Among the entries below, only the lines from the one with "New Bicycle Speed" through the one with "Common Indian birds" are to be retyped, exactly and without pictures.

▶ [SUPPLIED RECORDS]
Segment Open

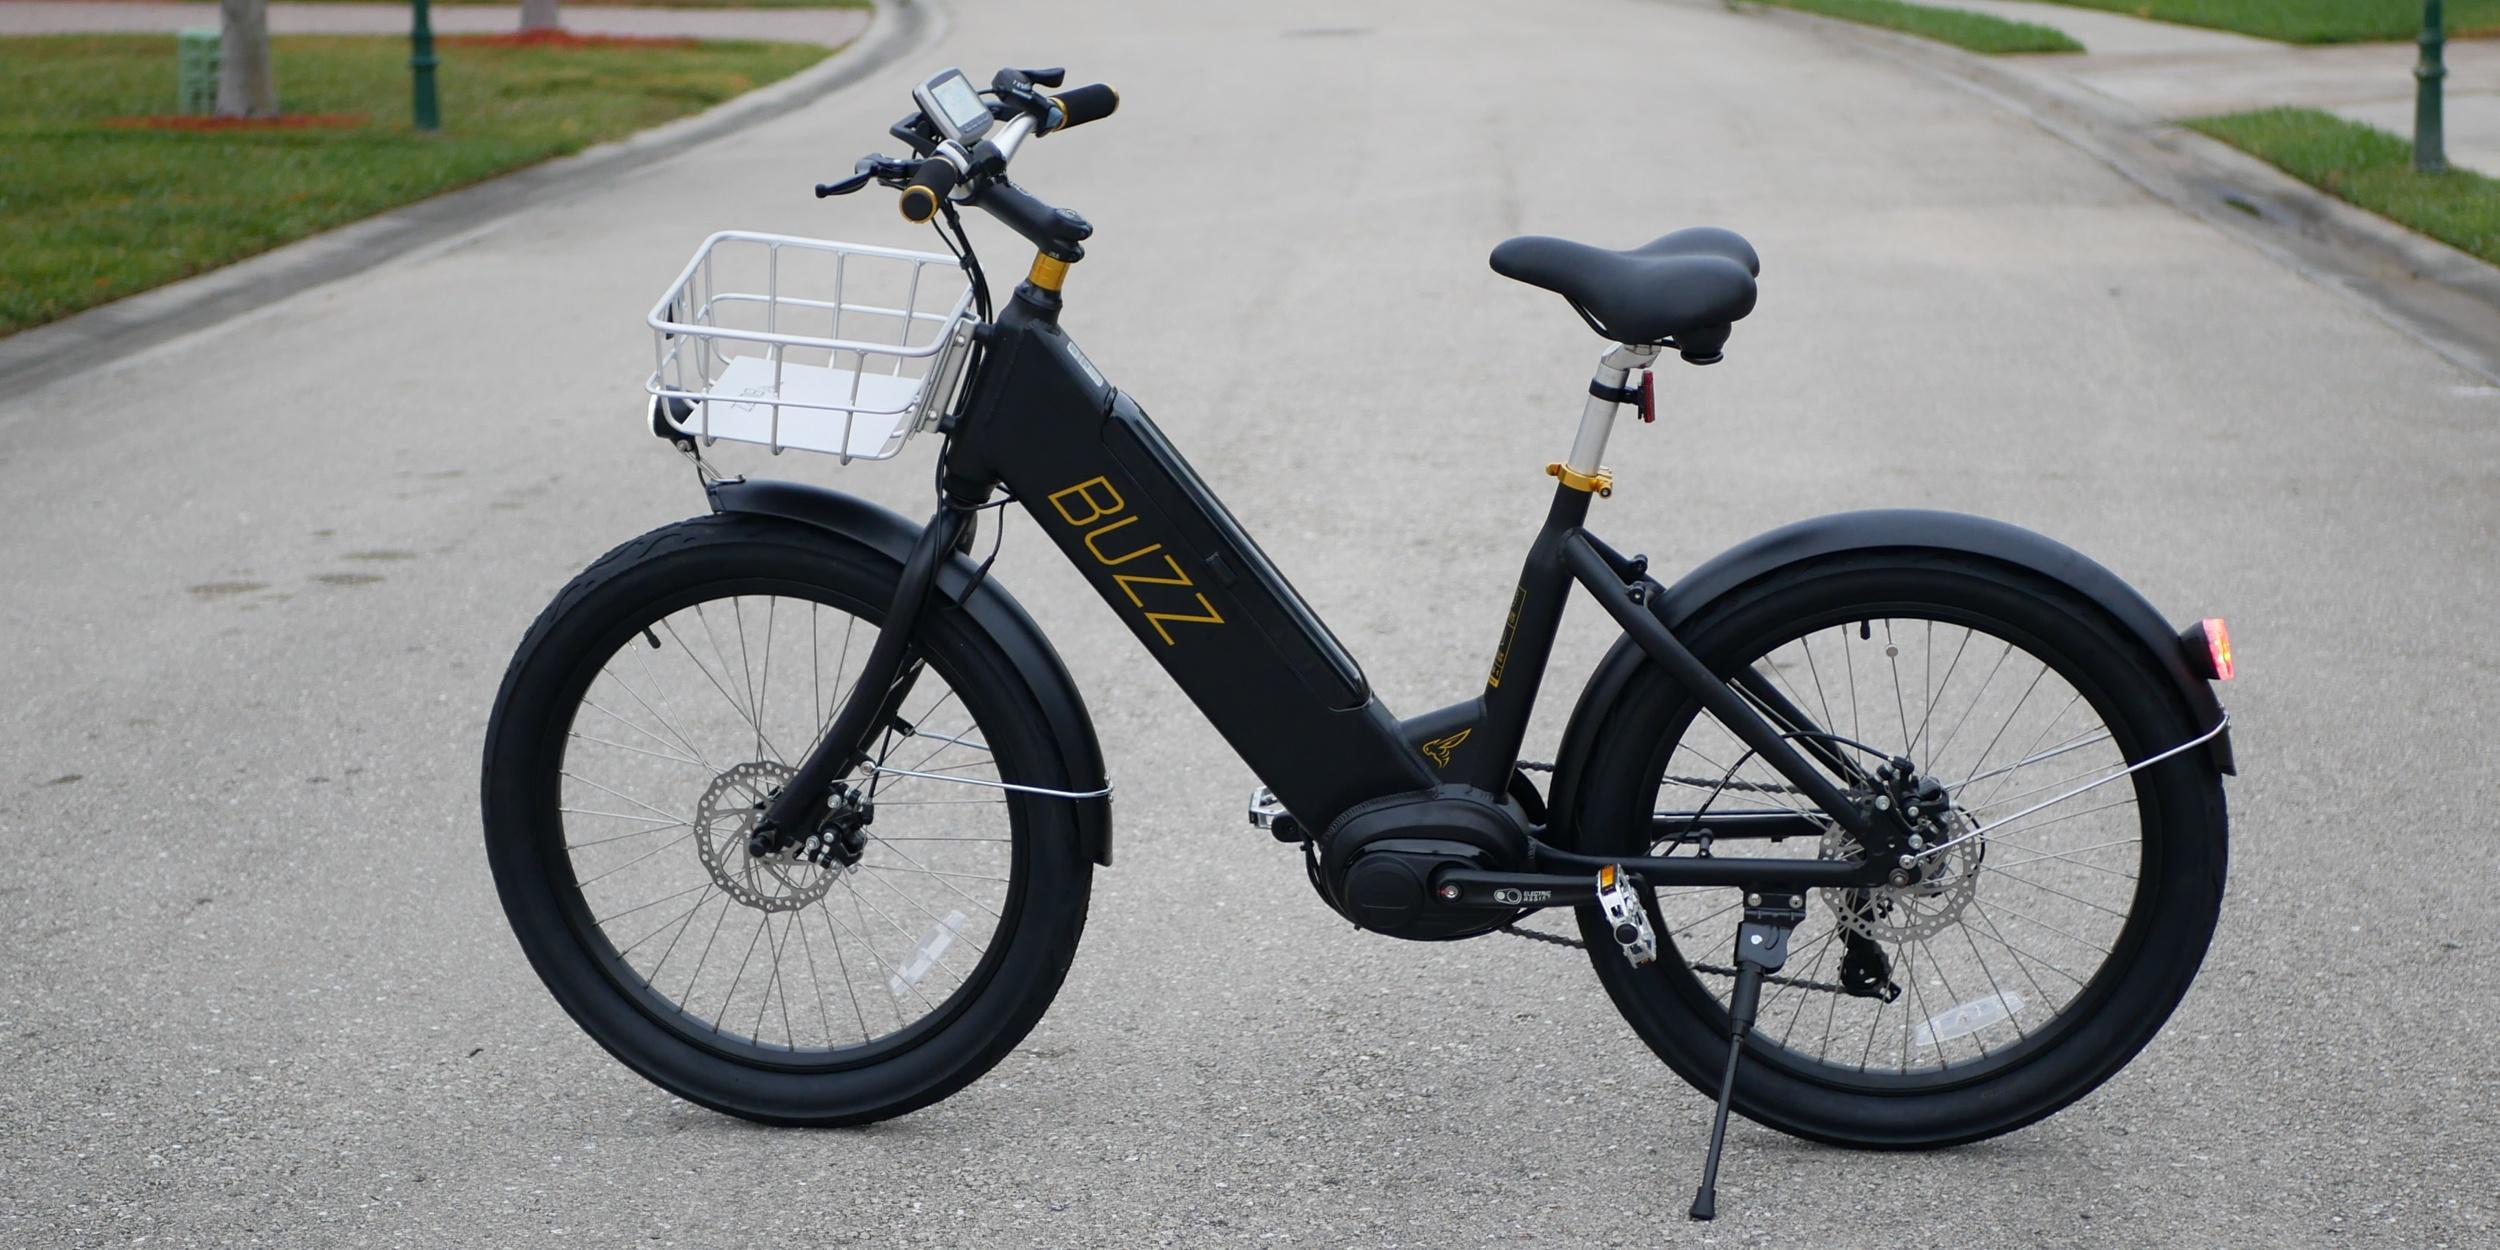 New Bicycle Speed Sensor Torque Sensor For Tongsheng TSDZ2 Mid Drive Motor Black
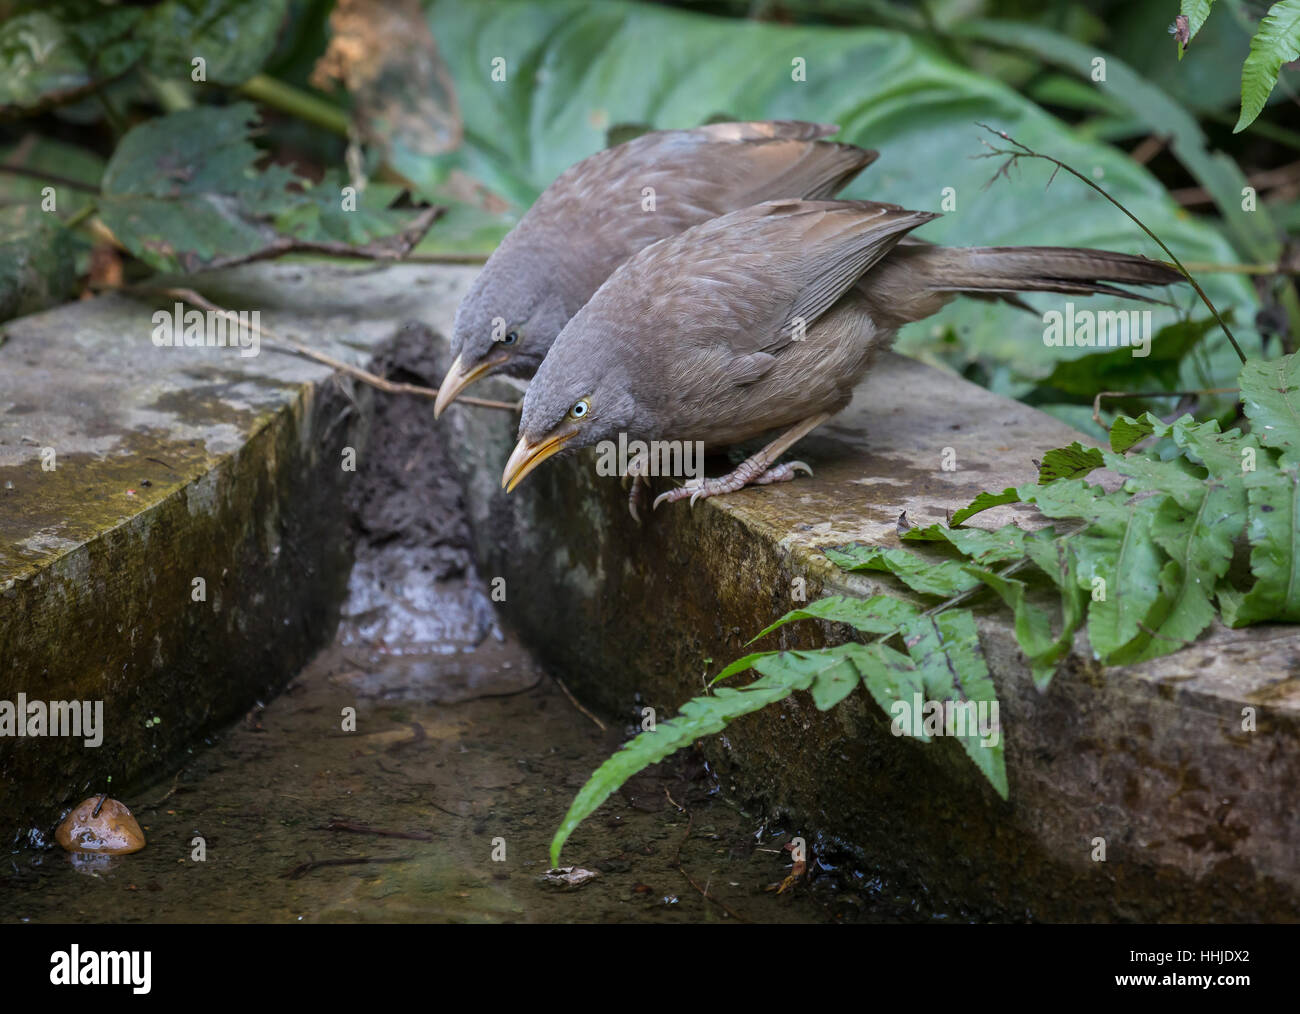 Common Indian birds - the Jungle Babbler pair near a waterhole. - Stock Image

Segment Closed
Segment Open

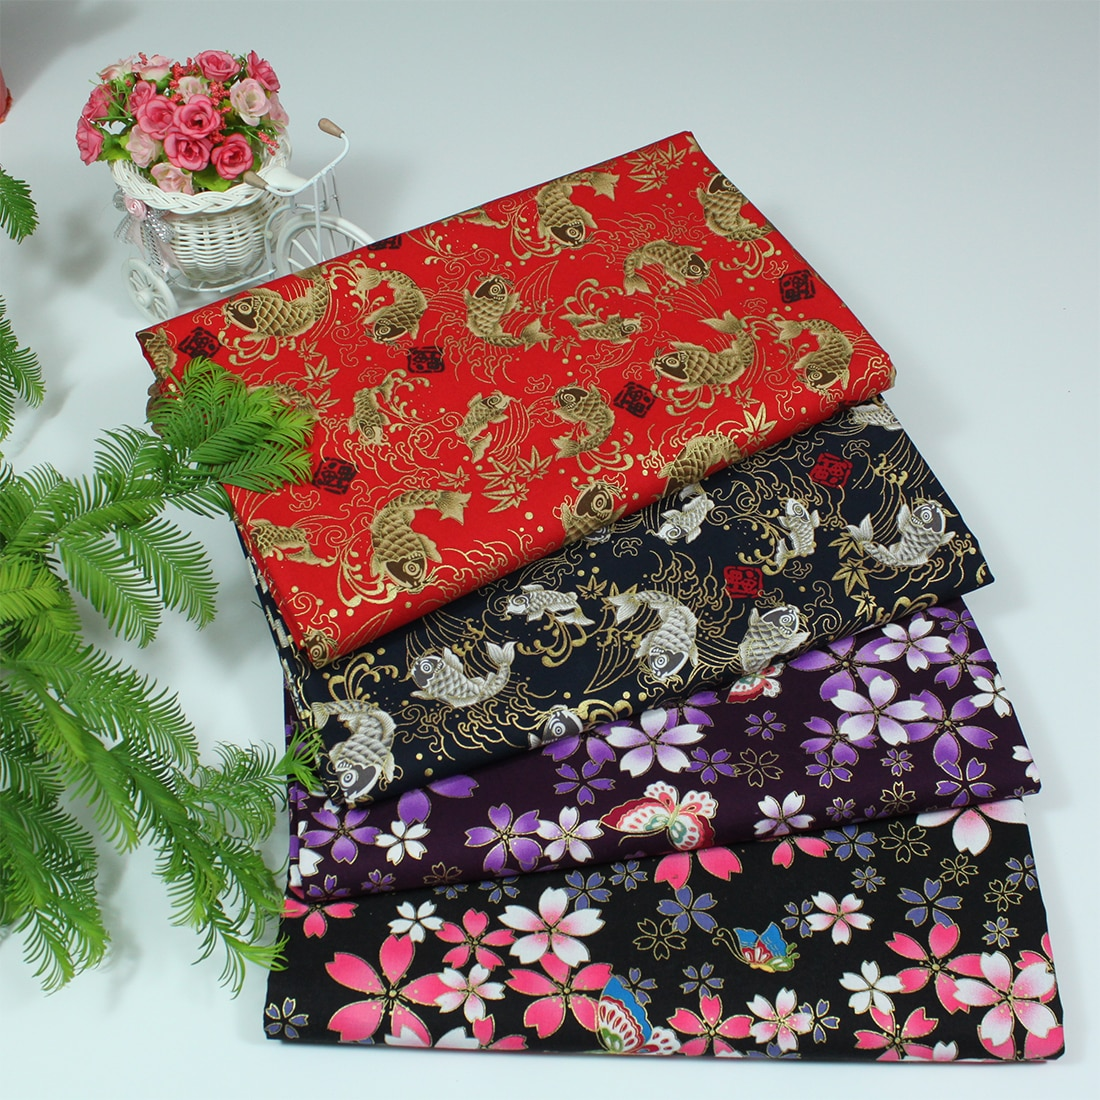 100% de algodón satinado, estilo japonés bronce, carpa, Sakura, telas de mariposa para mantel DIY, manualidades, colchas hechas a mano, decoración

Segment Closed
Segment Open

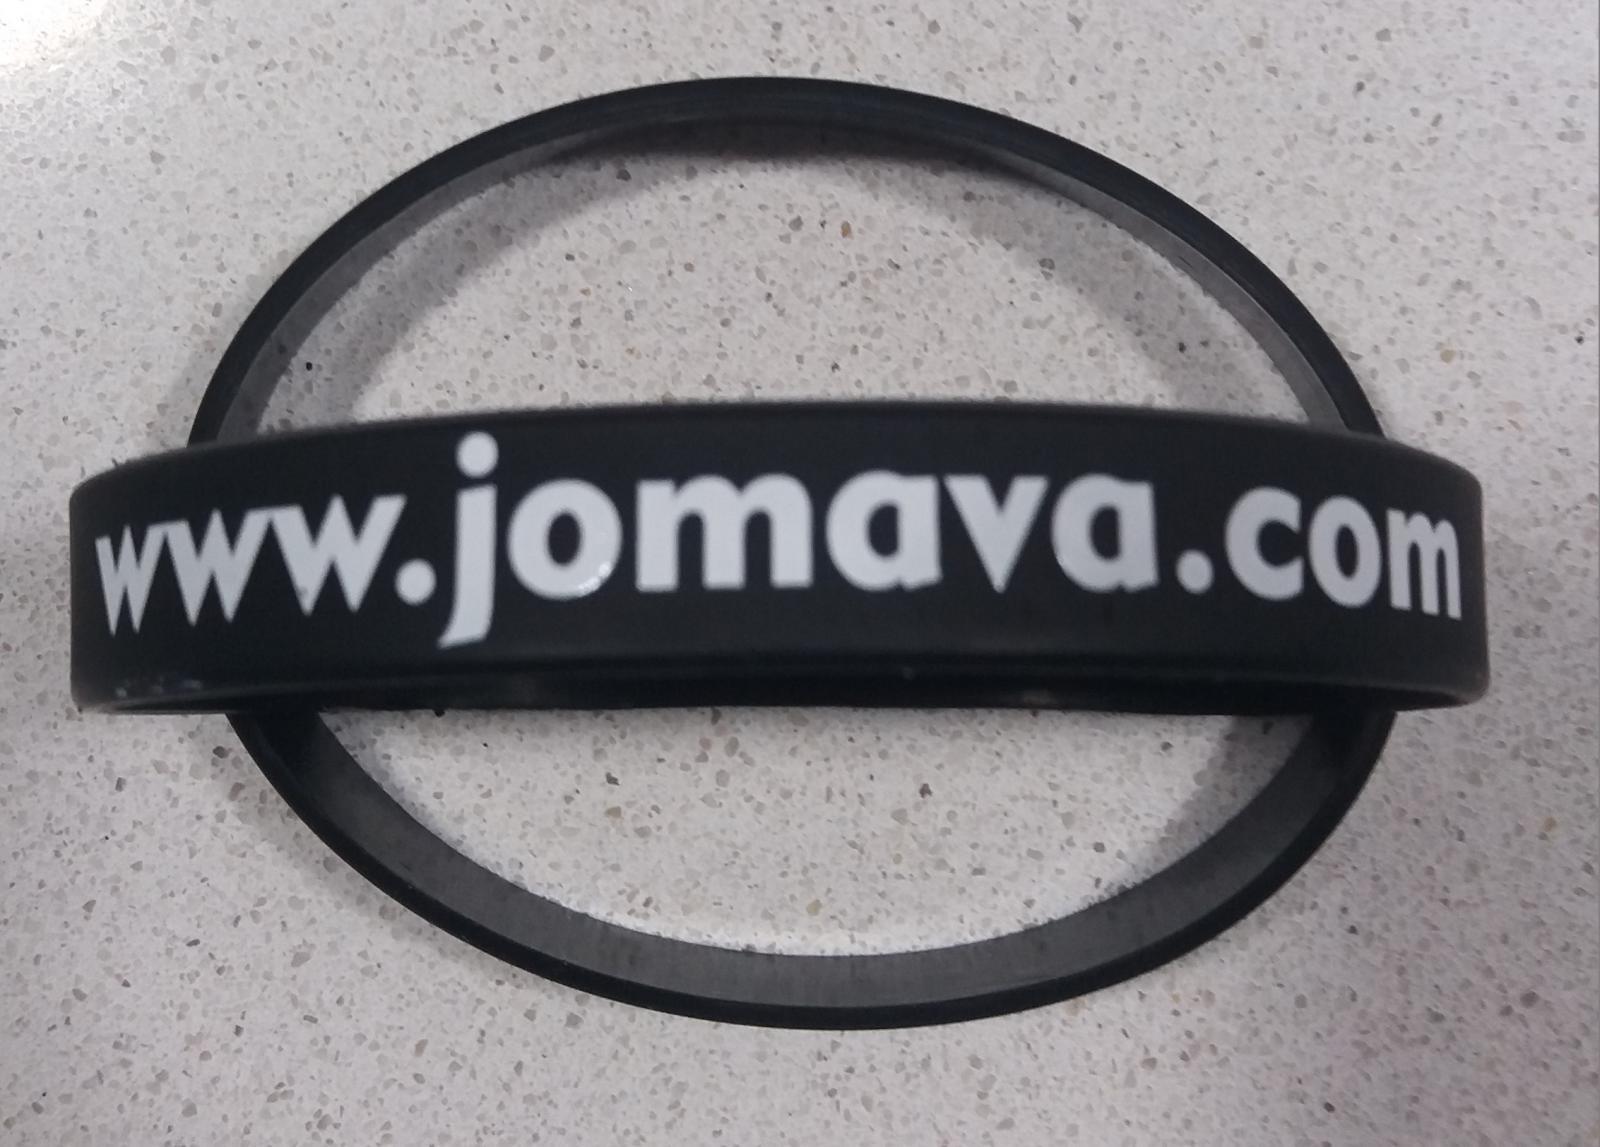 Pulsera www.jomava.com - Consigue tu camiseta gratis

Segment Closed

▶ [SOLVED EXERCISE]
 New Bicycle Speed Sensor Torque Sensor For Tongsheng TSDZ2 Mid Drive Motor Black
 Common Indian birds - the Jungle Babbler pair near a waterhole. - Stock Image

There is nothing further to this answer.